= The records =
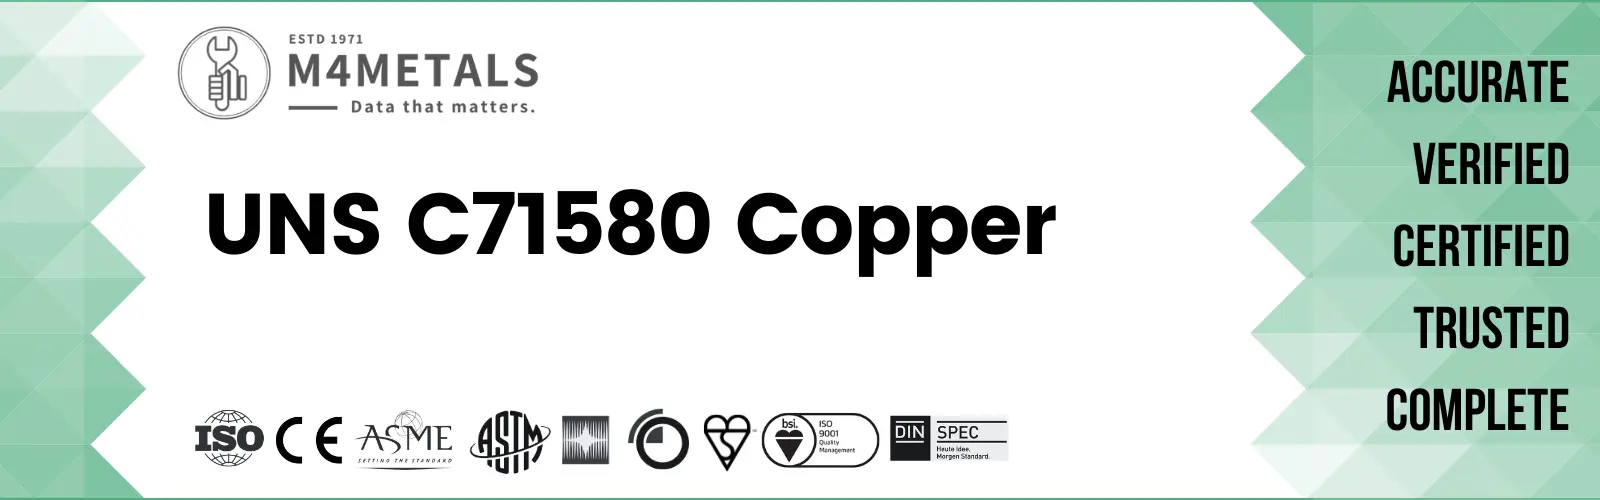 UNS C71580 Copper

==

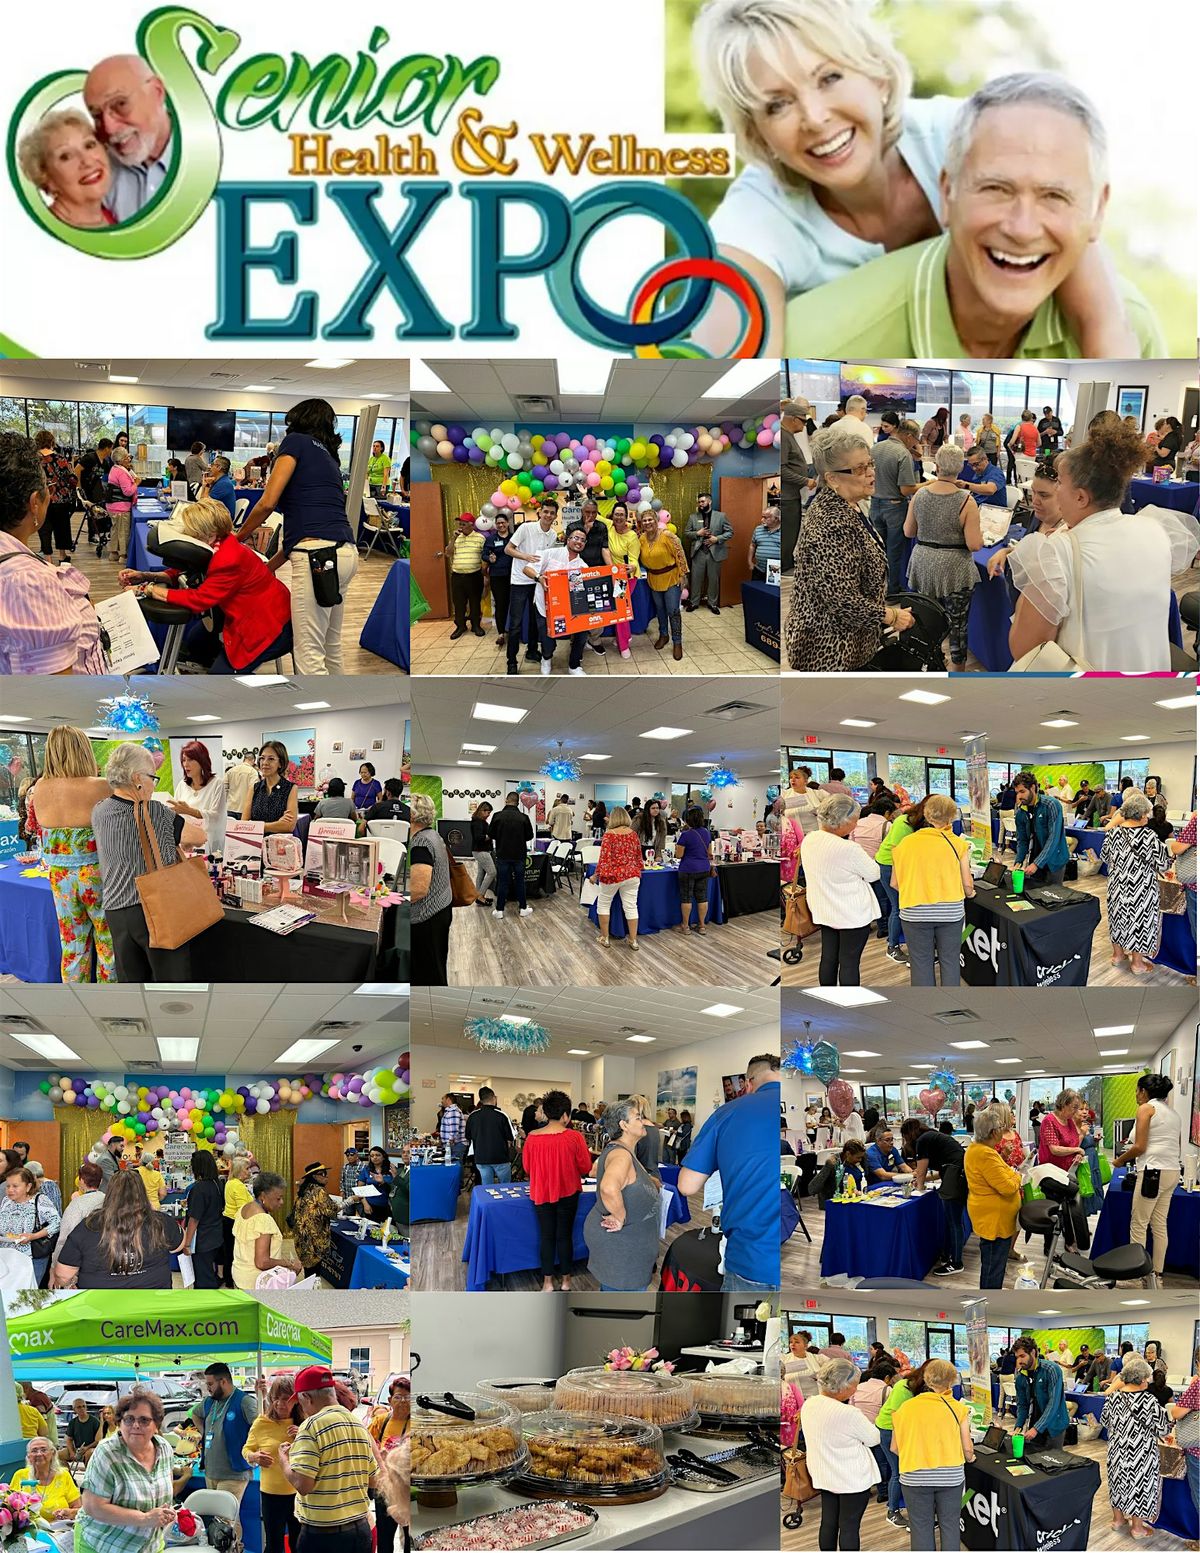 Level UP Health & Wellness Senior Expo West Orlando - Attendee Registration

* * *

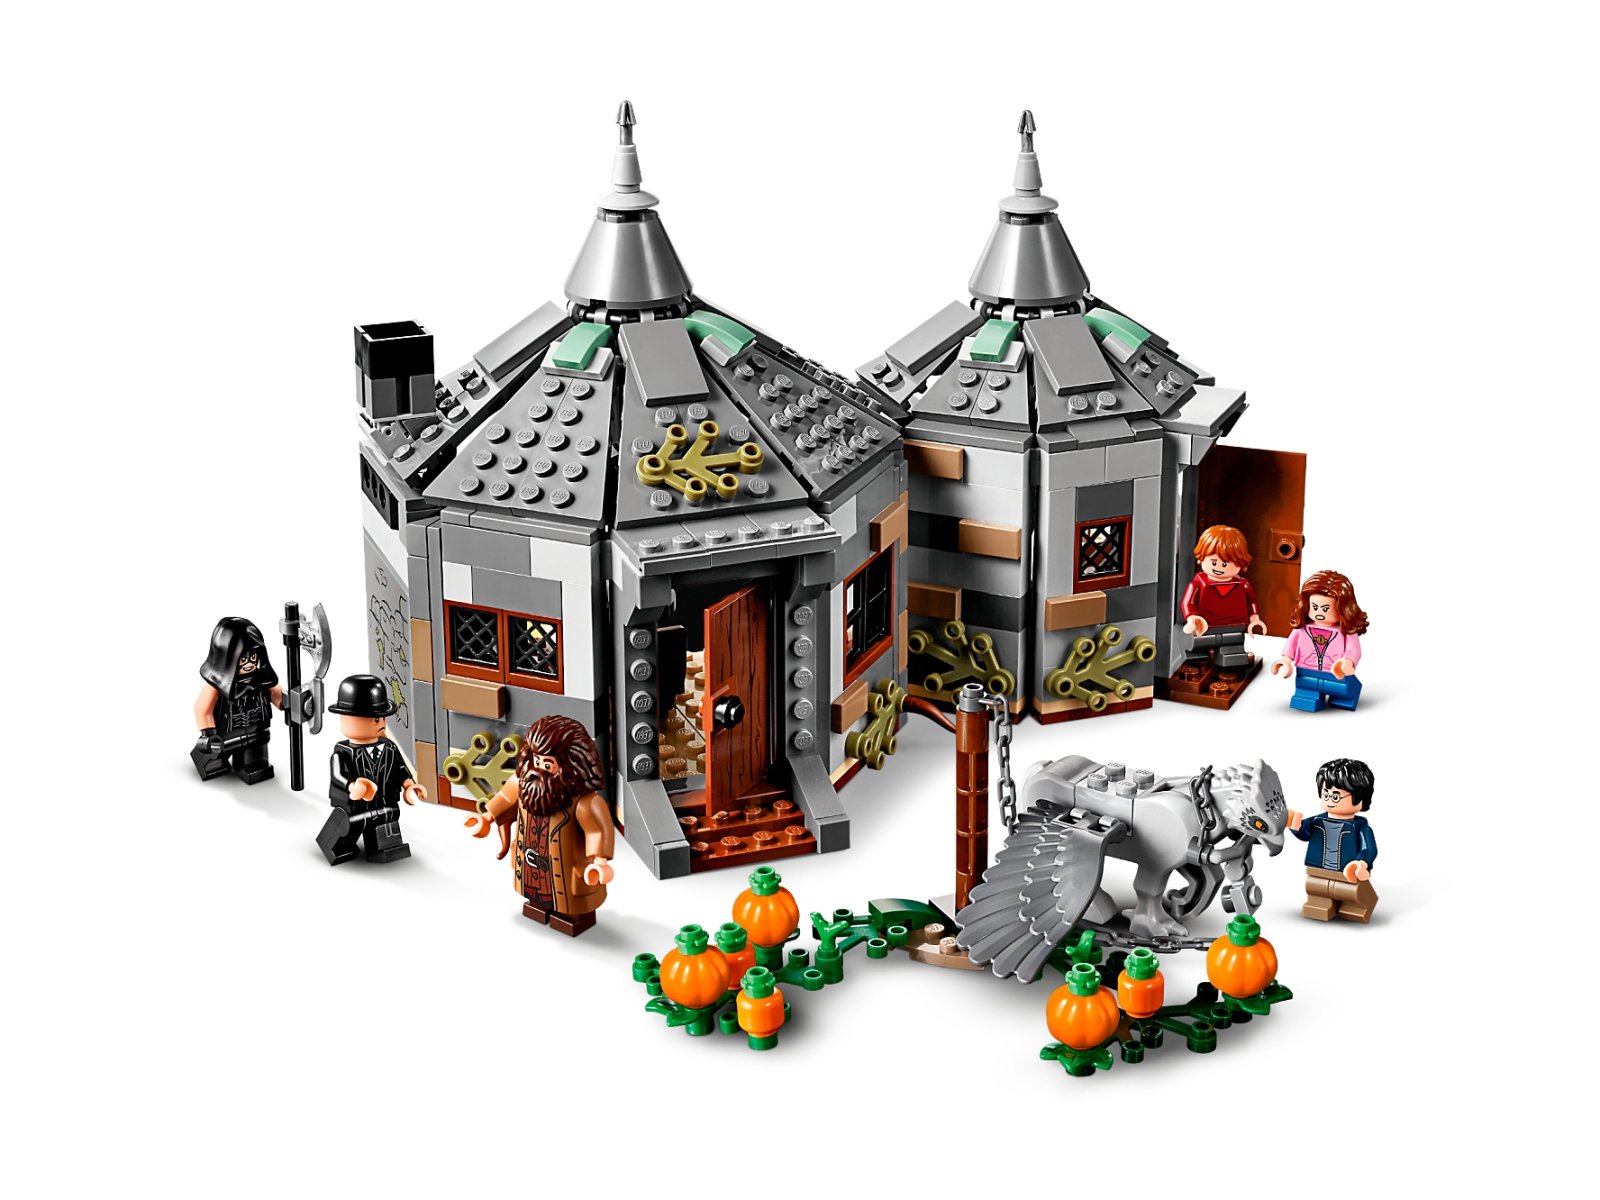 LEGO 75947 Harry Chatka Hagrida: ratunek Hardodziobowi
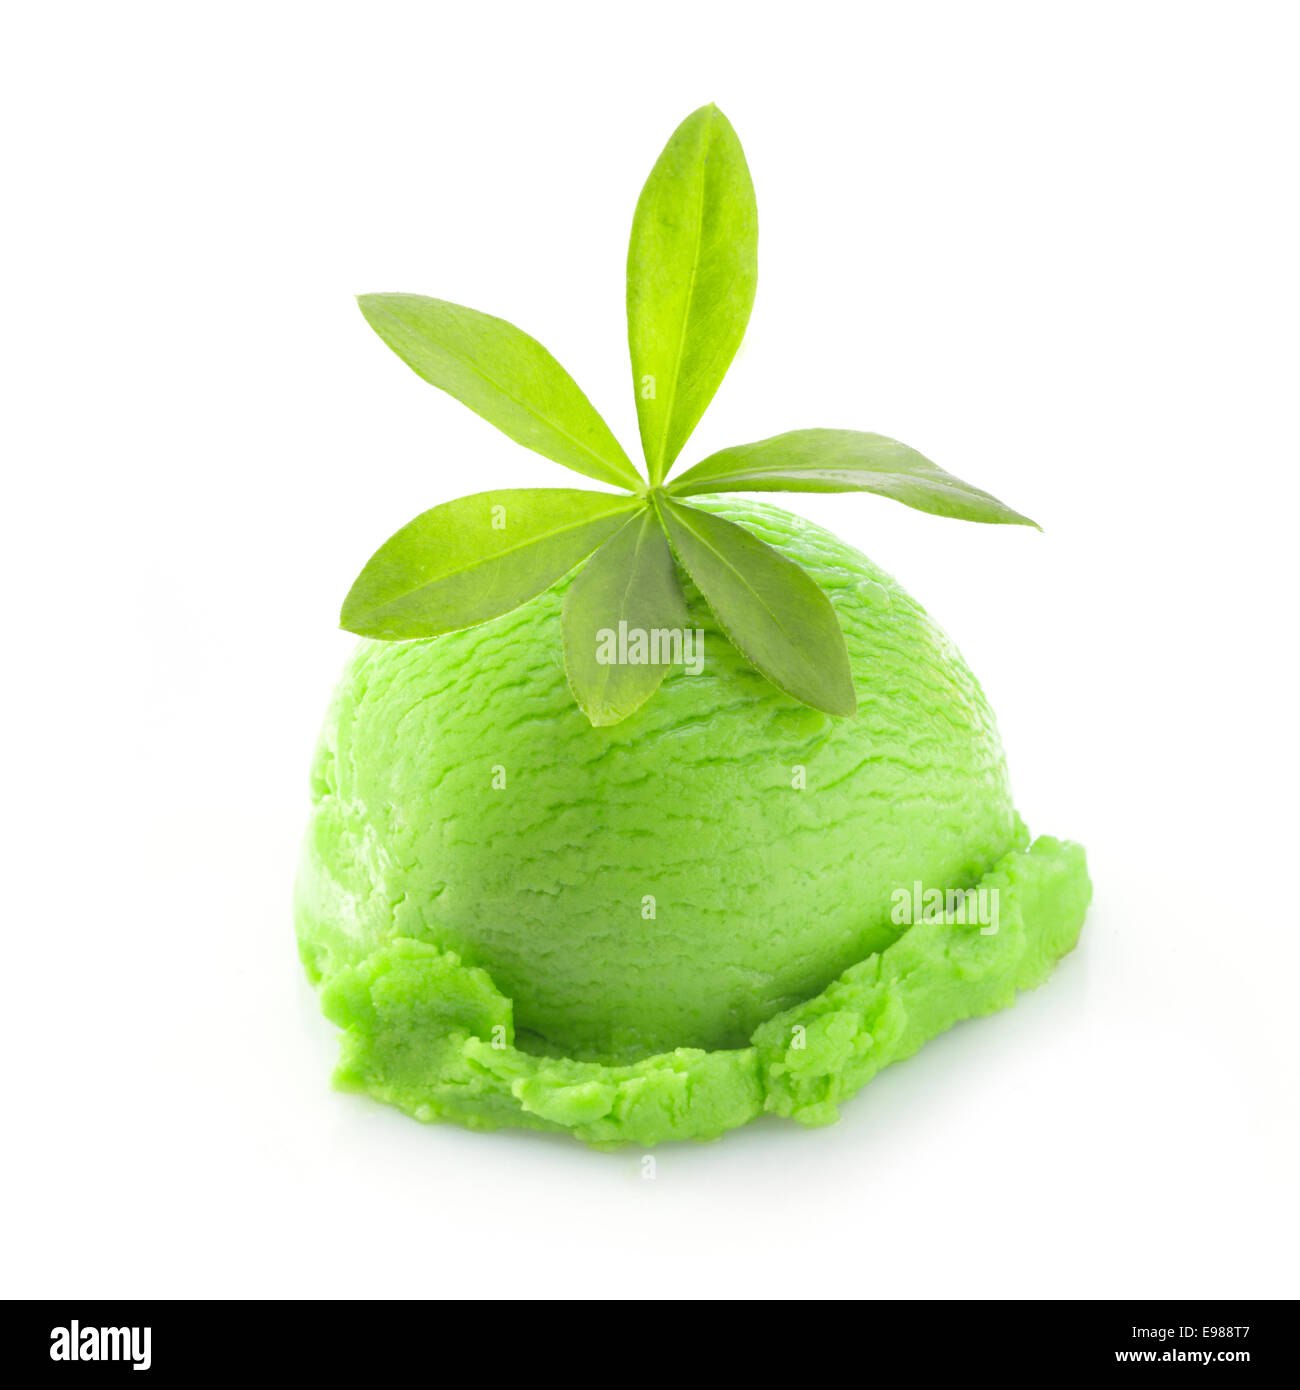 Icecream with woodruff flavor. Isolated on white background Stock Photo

= Your instructions =
Go down the entries above from the line containing "LEGO 75947 Harry" to the line containing "Icecream with woodruff" and write out each line exactly, leaving pictures out.

= Output of the task =
 LEGO 75947 Harry Chatka Hagrida: ratunek Hardodziobowi
 Icecream with woodruff flavor. Isolated on white background Stock Photo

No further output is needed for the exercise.